- IATA: none; ICAO: none; FAA LID: N89;

Summary
- Airport type: Public
- Owner: Town of Wawarsing
- Operator: Alfred Perry
- Serves: Ellenville
- Location: 199 Airport Road, Ellenville, New York 12428
- Elevation AMSL: 292 ft (89 m)
- Coordinates: 41°43′40″N 074°22′38″W﻿ / ﻿41.72778°N 74.37722°W
- Website: Town of Wawarsing Website
- Interactive map of Joseph Y. Resnick Airport

Runways
| Direction | Length |  | Surface |
| ft | m |
| 4/22 | 3,838 | 1,170 | Asphalt |

Statistics (2014)
- Aircraft operations: 5900
- Based aircraft: 32
- Source: Federal Aviation Administration

= Joseph Y. Resnick Airport =

Joseph Y. Resnick Airport , is located in Ellenville, New York, United States.

==Facilities and aircraft==
It is situated one mile northeast of the central business district, and contains one runway. The runway, 4/22, is of asphalt and measures 3838 × 75 ft.

The airport currently has "tie-down" spaces to rent and has aviation fuel available for purchase.

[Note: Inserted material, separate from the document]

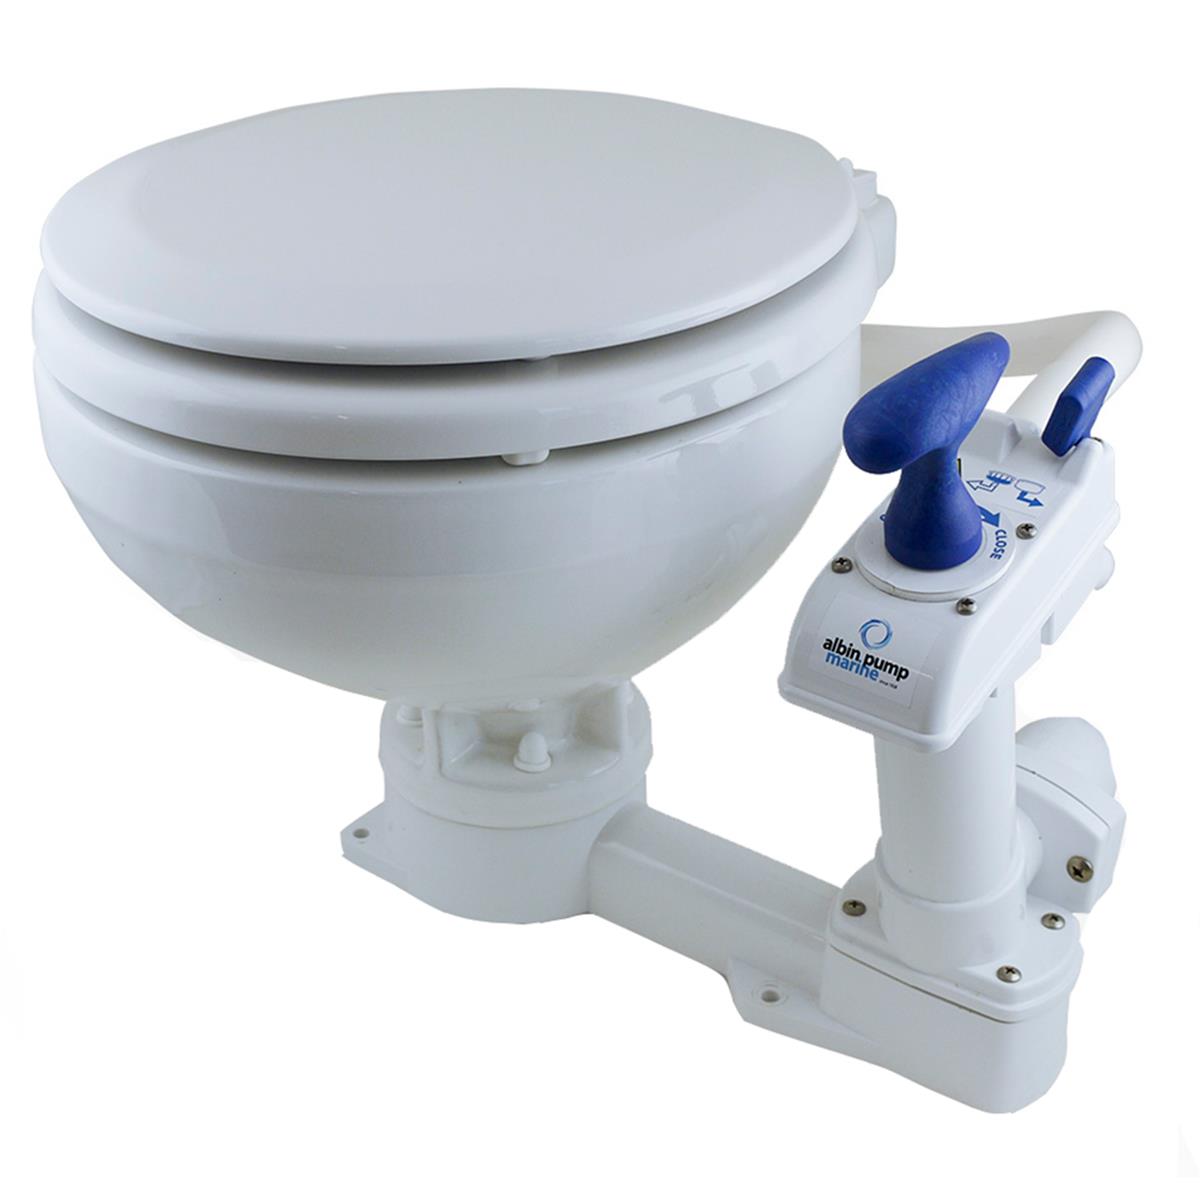 Picture of Albin Pump Marine 07-01-003 Toilet Manual Compact Low
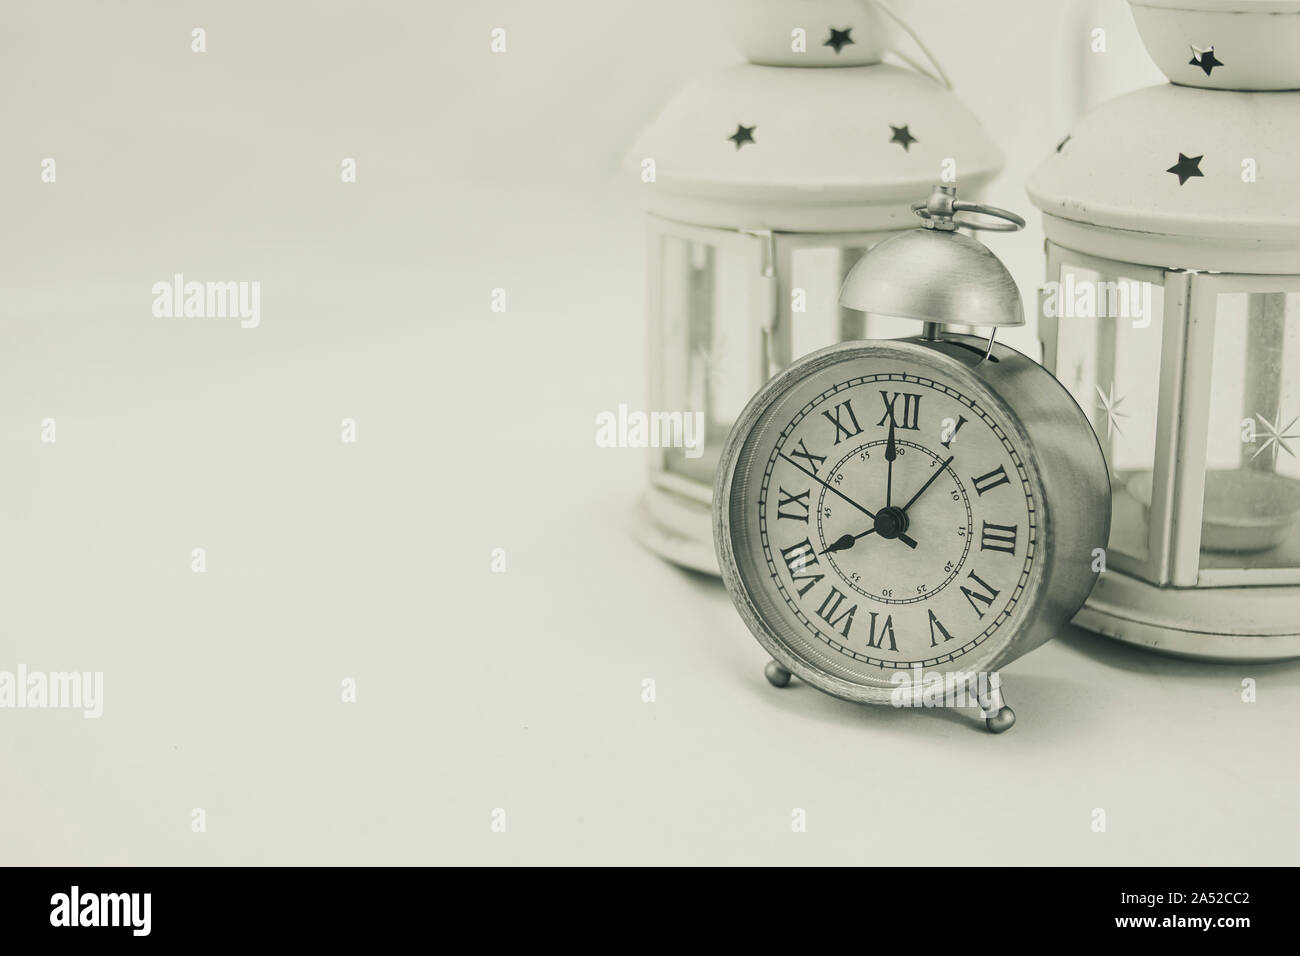 Classic gray alarm clock with two white lanterns candle holders on white background Stock Photo

For the 12-month period ending May 15, 2014, the airport had approximately, 6328 aircraft operations, an average of 113 per week: 85% local general aviation, 14% transient general aviation, and 2% air taxi. At that time, there were 32 aircraft based at the airport: 31 single-engine and 1 multi-engine.

==History==
The airport was constructed in 1968. It is named after Joseph Yale Resnick, a member of the U.S. House of Representatives who served from January 3, 1965, until January 3, 1969. In 1988, the town of Wawarsing purchased the airport with the assistance of federal and state funding. It is still currently operated by the town of Wawarsing.